Не было недавнего дружелюбия, нависла ссора.
Антонина остро, испуганно чувствовала происшедшую перемену, расслоившую, разбросавшую всех по разным углам. И только Горностаев оставался невозмутимым. Казалось, был даже рад разногласиям, почти наслаждался. Словно этот спор был им задуман заранее, медленно готовился, создавался огнем в камине, свечами на березовой плахе, старой иконой. И теперь наконец увенчал собой вечер.
— Да зря вы, скажу я вам, надеетесь на вашу СОИ! — Накипелов набычился, наставил на Лазарева свои мышцы, покрасневшие надбровные дуги, гневно дышал ноздрями, уже не отличая его от врагов, желавших погубить государство. — Ну потратите вы свои триллионы, развесите свои фонарики! А мы их возьмем и погасим! Дунем — и нету! Решили Россию, как волка, красными флажками из космоса обложить? Смешно! Мы эти флажки перепрыгнем. Россия — не серый волк! Облавы на нее не пройдут!

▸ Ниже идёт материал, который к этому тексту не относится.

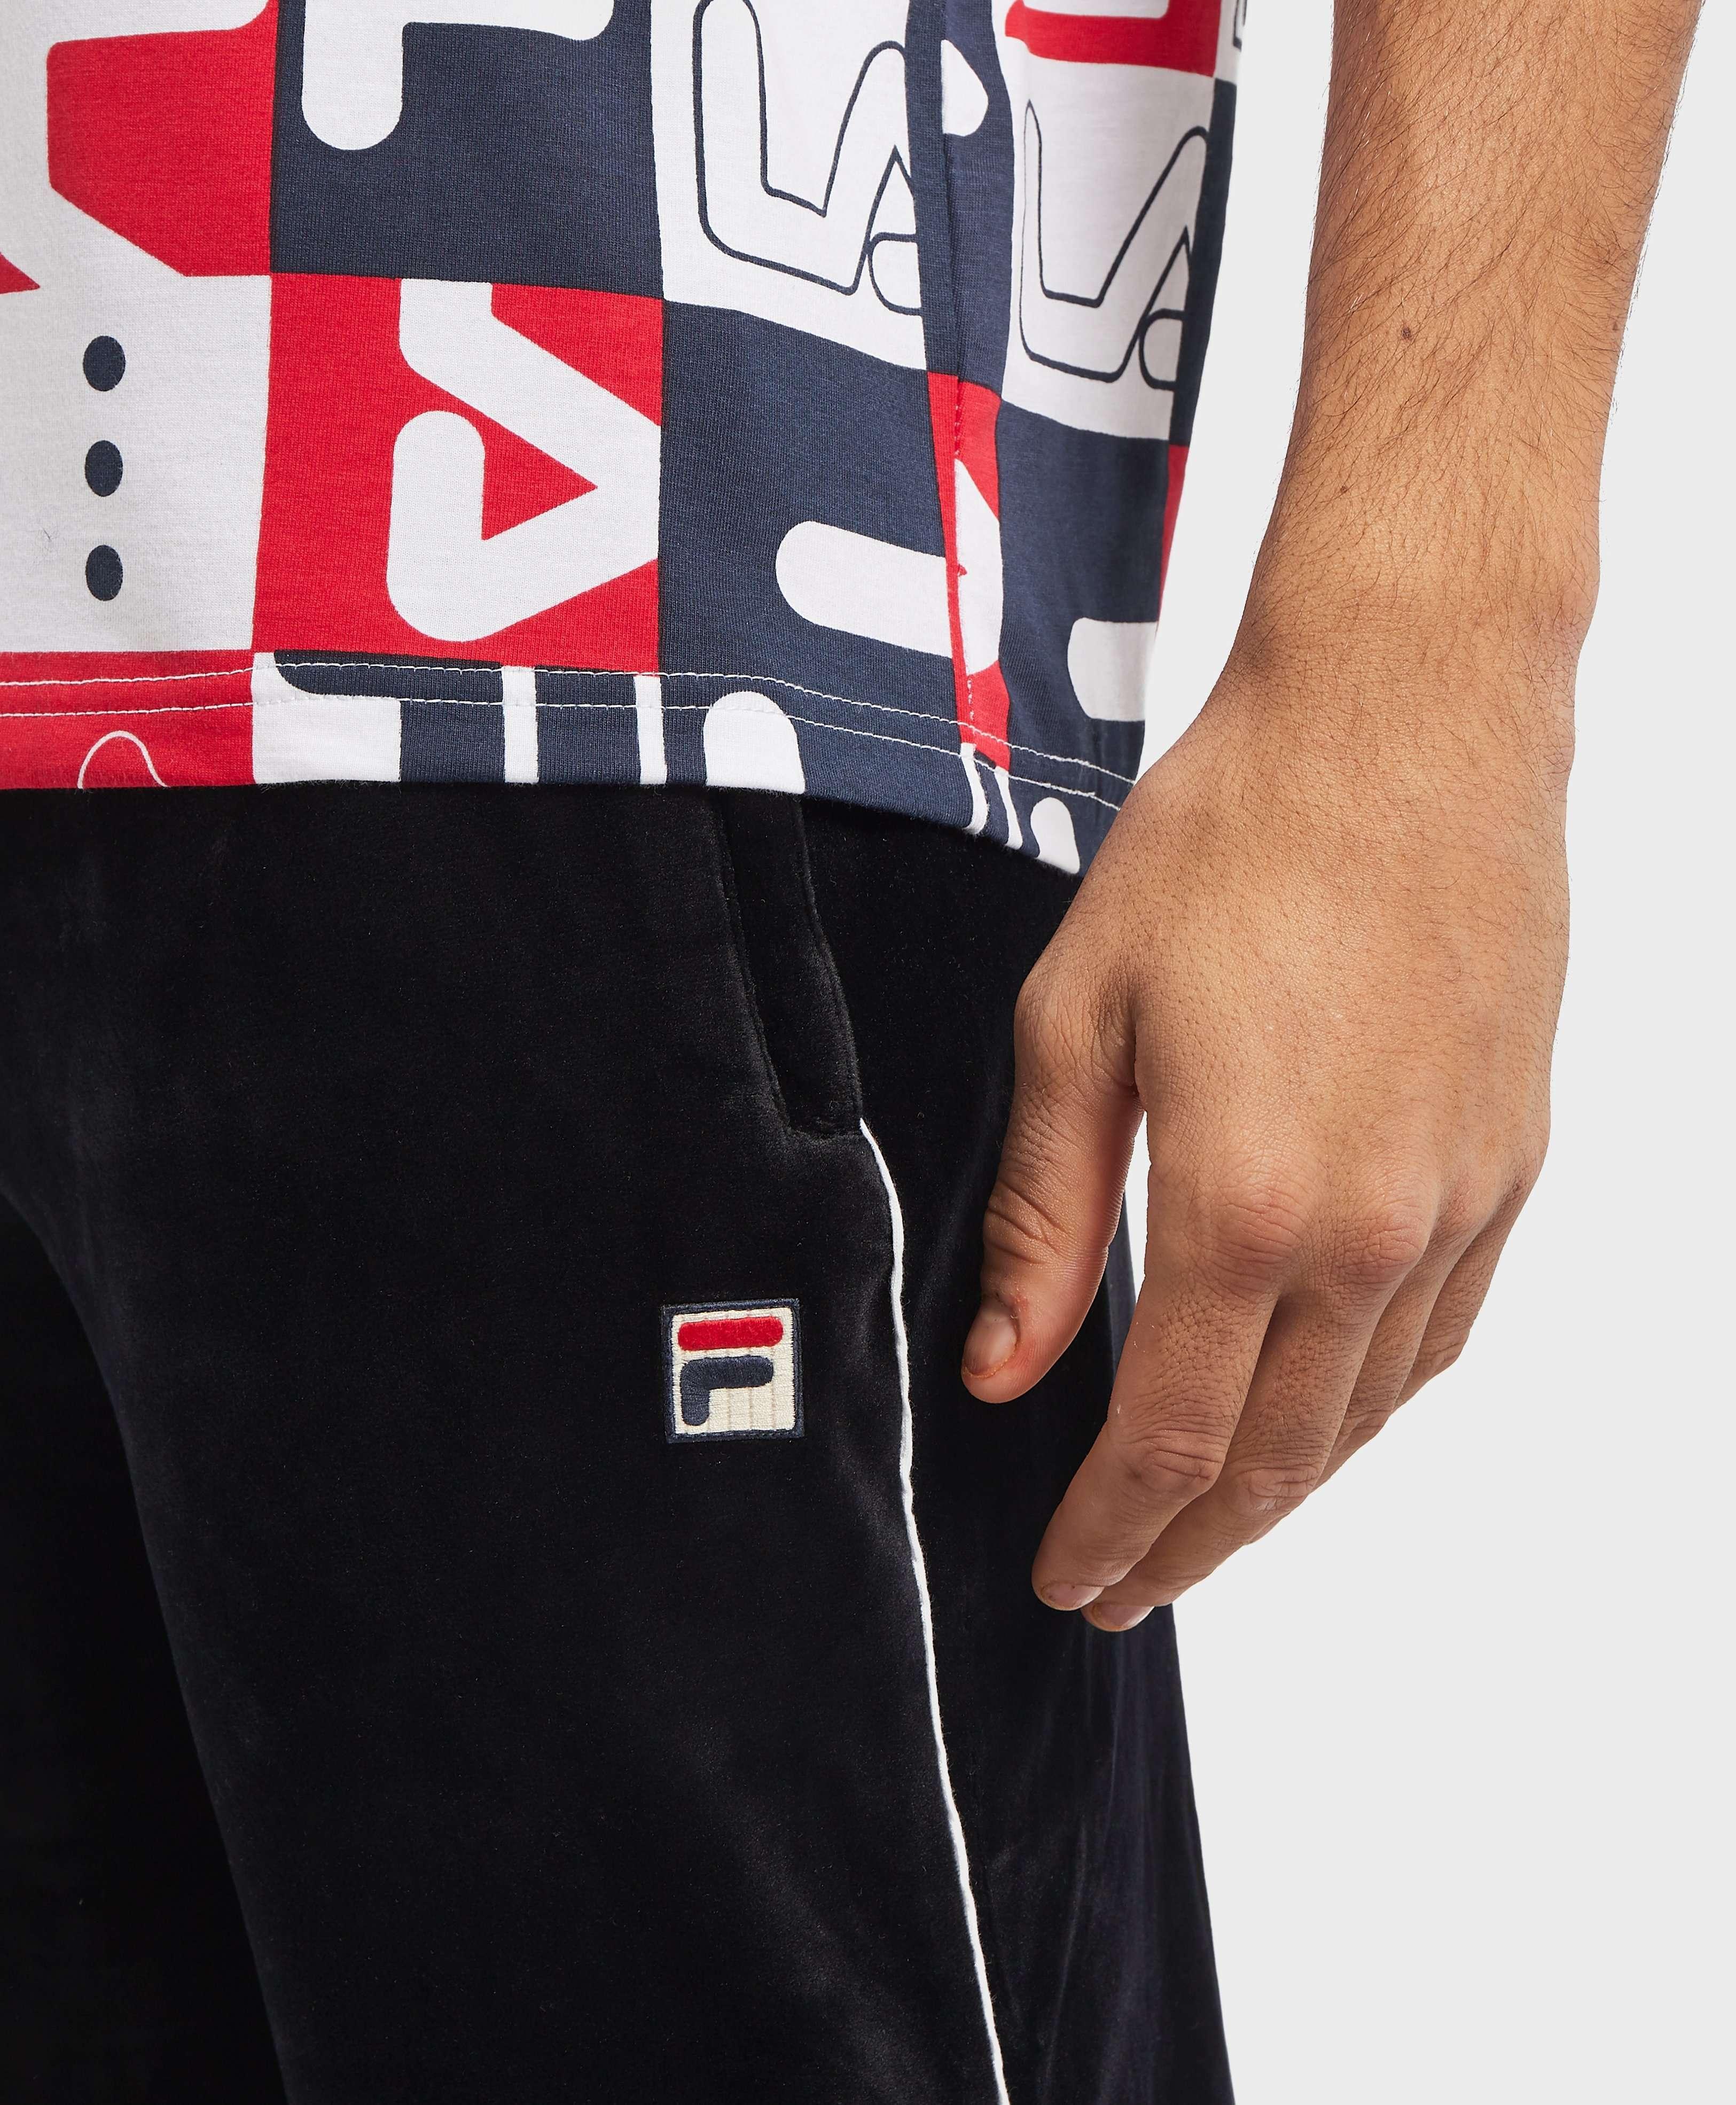 Fila Velour Track Pants - Online Exclusive

— Как я ненавижу этот дешевый оптимизм! Как я ненавижу эту мелкотравчатую пропаганду, рассчитанную на дураков! — Лазарев и впрямь ненавидел. И впрямь, казалось, был с теми, кто в Ливерморе разрабатывал рентгеновский лазер. — Мы тридцать лет занимались этой дешевой брехней, клали на себя румяна и проиграли гонку. Вместо того чтобы честно анализировав, беспощадно себя судить, мы бодрились, кичились, румянились, а всю энергию, накопленную в недоеданиях, тратили на то, чтобы что-то запрещать, чему-то мешать, с чем-то и с кем-то бороться. Смешно сказать, дизайнеров и тех разогнали! Этикетку на банке огурцов нарисовать не умеем! Глядишь на этикетку, и от одного вида тошнит! А ведь какая этикетка, такие и самолеты! Какая этикетка, такие и компьютеры! Единая цивилизация и в гайке и в боеголовке!